Synopsys, Inc. Faces Class Action Lawsuit Amid Disappointing Q3 2025 Report

Synopsys, Inc. Faces Class Action Lawsuit Amid Disappointing Q3 2025 Report



In a significant legal development, Synopsys, Inc. (NASDAQ: SNPS) is now embroiled in a securities fraud class action lawsuit. This action, formally referenced as Kim v. Synopsys, Inc., seeks to represent individuals who invested in the company between December 4, 2024, and September 9, 2025. The lawsuit was triggered by the release of the company's Q3 2025 financial results, which revealed severe underperformance in its Intellectual Property (IP) business segment, leading to a 35% drop in stock price on September 10, 2025.

Financial Background



The legal action stems from Synopsys announcing disappointing earnings, reporting an earnings per share (EPS) of just $1.50—a striking 45% decrease compared to the same quarter from the previous year. This plunge was exacerbated by a decline of nearly 8% in the company's Design IP revenues. Investors felt blindsided as Synopsys had previously emphasized the robust growth potential of its Design IP business, which encompasses a range of essential offerings related to silicon design and integration. These offerings included interface and foundation IP, security, and embedded processors designed to facilitate customer adoption of new technology.

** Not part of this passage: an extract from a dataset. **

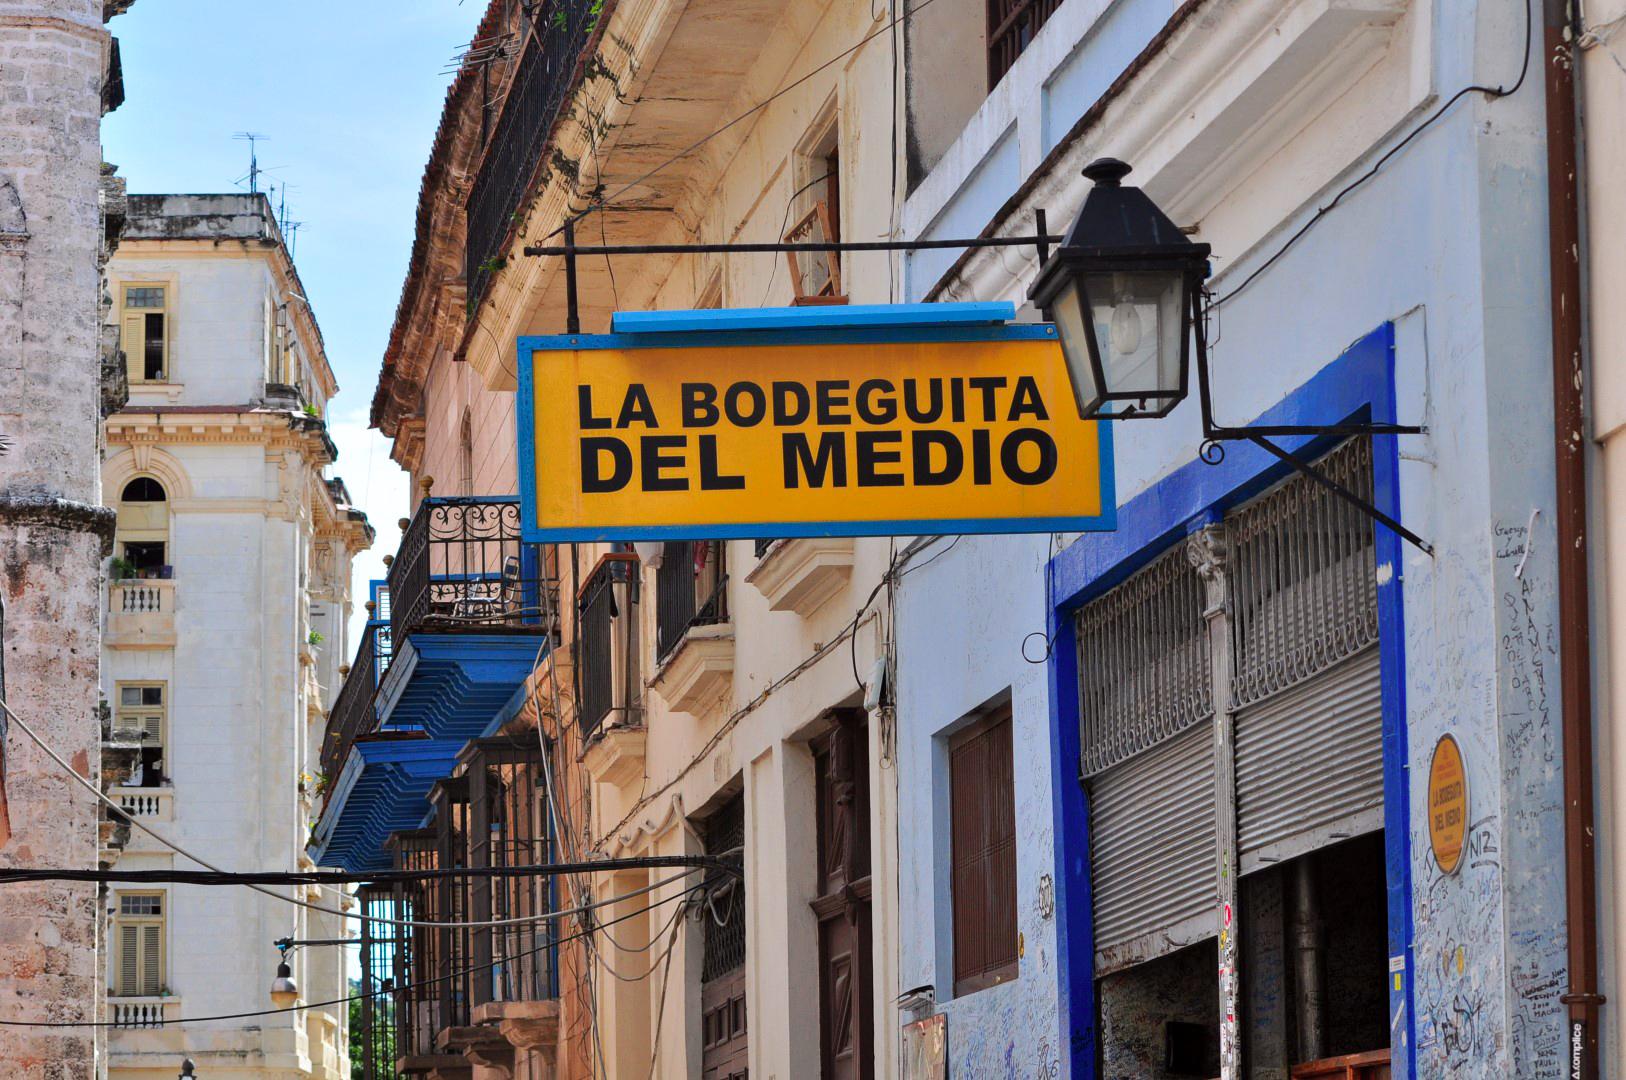 Qué ver en La Habana, Cuba qué ver en la habana, cuba - 30472651003 0ffeda77ee o - Qué ver en La Habana, Cuba
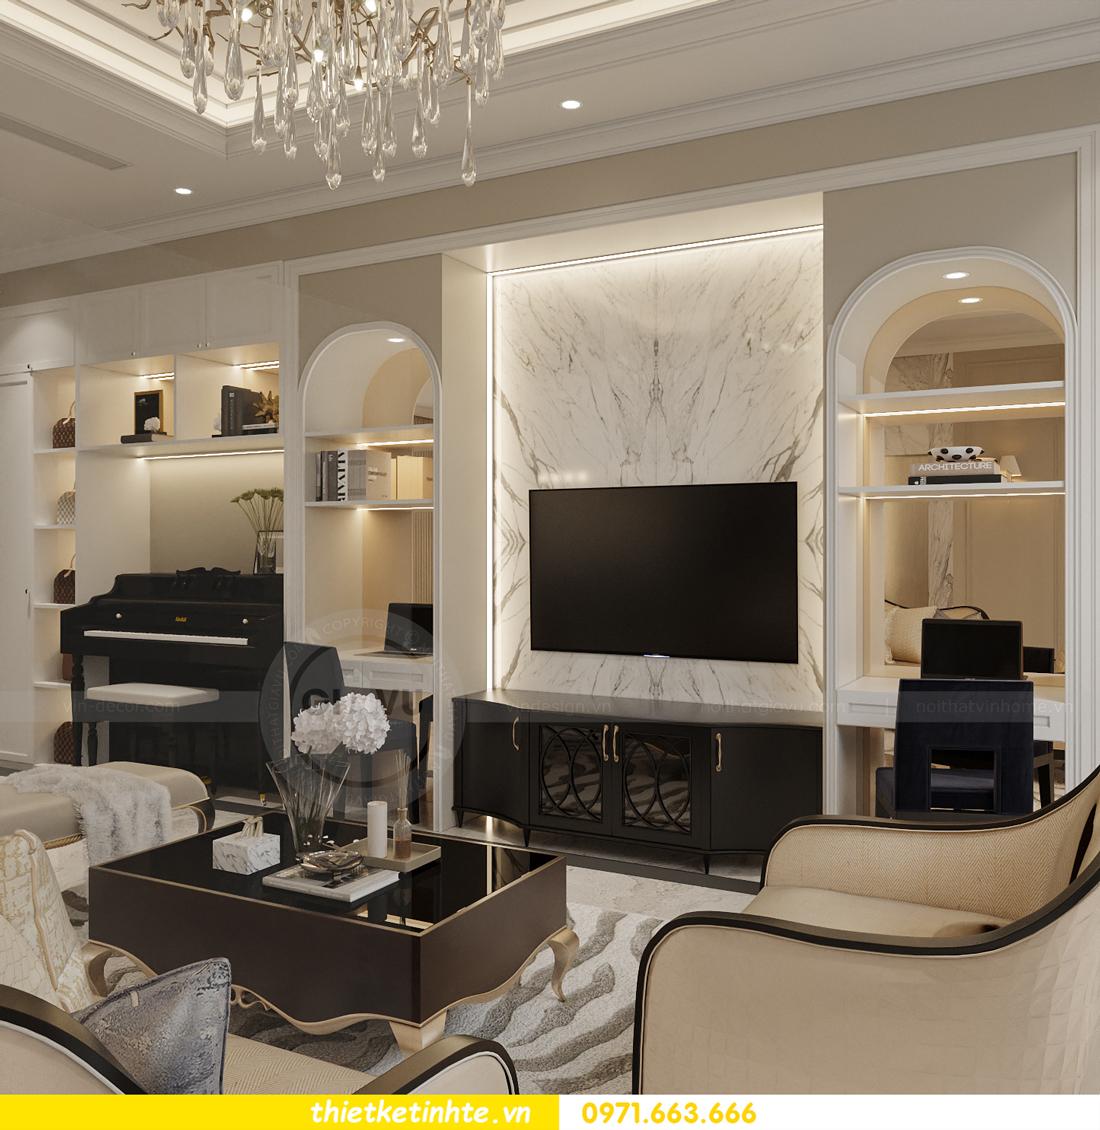 Thiết kế nội thất biệt thự Sao Biển 02-29 Ocean Park căn 90m2 7

The firm initiating the lawsuit, Hagens Berman, posits that Synopsys misled its investors regarding risks associated with its customer base and growth potential. The firm suggests that the shift towards AI-focused clientele, which necessitates greater customization, led to a deterioration in the financial viability of its Design IP business. The lawsuit underscores claims that Synopsys' previously optimistic forecasts were not only misleading but also failed to accurately disclose the obstacles they were facing in achieving sustained revenue growth.

Stock Impact and Investor Reactions



The drastic drop in stock value following the Q3 earnings announcement marks the most significant one-day decline for Synopsys since its initial public offering in 1992. This fall from grace resulted in Hagens Berman monitoring and investigating potential claims regarding the company's misrepresentation of material risks affecting revenue sustainability in its Design IP business segment.

Investors who incurred losses during the specified class period have been encouraged to come forward, with the firm setting a lead plaintiff deadline of December 30, 2025, for individuals wanting to participate in the legal action. Hagens Berman maintains that it is critical for investors to document their losses during this timeframe.

Conclusion



As this lawsuit unfolds, it may attract more attention from regulators and investors keen on shedding light on corporate accountability and transparency. Whistleblowers possessing non-public information related to Synopsys have also been advised to assist in the ongoing investigation, with potential rewards available through the SEC Whistleblower program. Investors impacted by this situation are urged to stay informed as Hagens Berman continues to pursue its investigation into Synopsys' business practices and the efficacy of their revenue growth assertions.

With investors facing the fallout from dwindling shareholder value and possible legal ramifications ahead, this situation invites broader discussions around corporate governance and ethical practices in the fast-evolving tech landscape. Further developments will be closely watched as the narrative continues to unfold in the wake of these troubling Q3 results.